Dutch artist and curator

Constant Dullaart (born 7 March 1979 in Leiderdorp) is a Dutch conceptual artist, media artist, internet artist, and curator. His work examines the cultural and social effects of communication and image-processing technologies, as well as the power structures of major internet corporations.

== Biography ==
Dullaart was born and raised in Leiderdorp in the Netherlands. He attended the Gerrit Rietveld Academy from 1997 to 2002. He was a resident at the Rijksakademie van beeldende kunsten from 2007 to 2008. Since 2023, Dullaart has been professor of Networked Materiality at the Academy of Fine Arts, Nuremberg.

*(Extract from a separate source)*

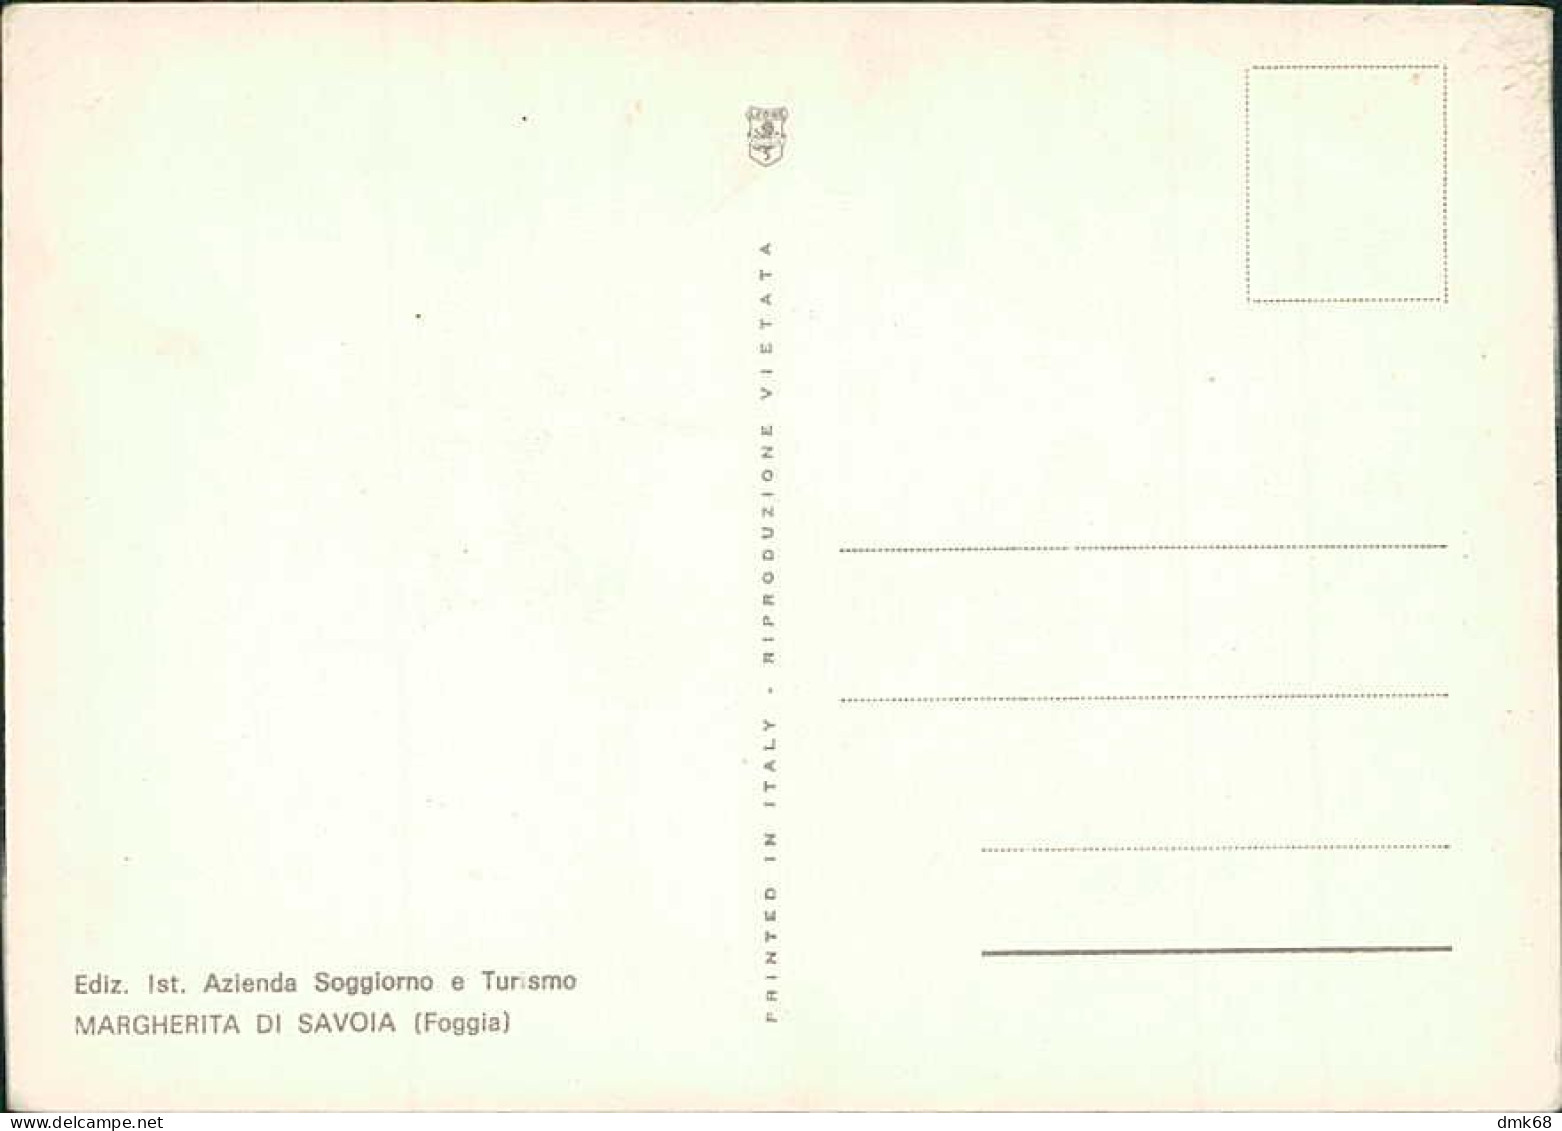 SANTA MARGHERITA DI SAVOIA ( BARLETTA ) SALUTI / VEDUTINE - EDIZ. IST. AZIENDA DI SOGGIORNO E TURISMO - 1970s  (19009) - Barletta

Dullaart's 2013 work series Jennifer in Paradise uses and reworks the image used as the first photograph to demonstrate Photoshop.

He is also known for distributing 2.5 million bought Instagram followers amongst a personal selection of active art-world Instagram accounts.

In 2015, for a four-month durational performance commissioned by Schirn Kunsthalle Frankfurt, Dullaart created thousands of fake Facebook profiles using the names of Hessian soldiers from the Hetrina archive of the Landesgeschichtliches Informationssystem Hessen.

In 2015, Dullaart received the Prix Net Art.

== Selected works ==
- The Revolving Internet (2010), a browser-based work in which the Google search interface rotates while retaining its functionality.

- Jennifer in Paradise (2013), a series based on the image used to demonstrate early versions of Photoshop, which Dullaart reworked in digital and physical forms.

- The Death of the URL (2013), a web-based work using an unusually long .xxx domain name as a commentary on changing patterns of navigating the web and the growing role of platforms such as Google and Facebook.

- High Retention, Slow Delivery (2014), an online social-media intervention in which artificial followers were distributed among users in order to disrupt follower counts as measures of popularity.

- The Possibility of an Army (2015), an online performance commissioned by Schirn Kunsthalle Frankfurt that used fake Facebook accounts based on historical Hessian soldiers to examine digital identity and social-media metrics.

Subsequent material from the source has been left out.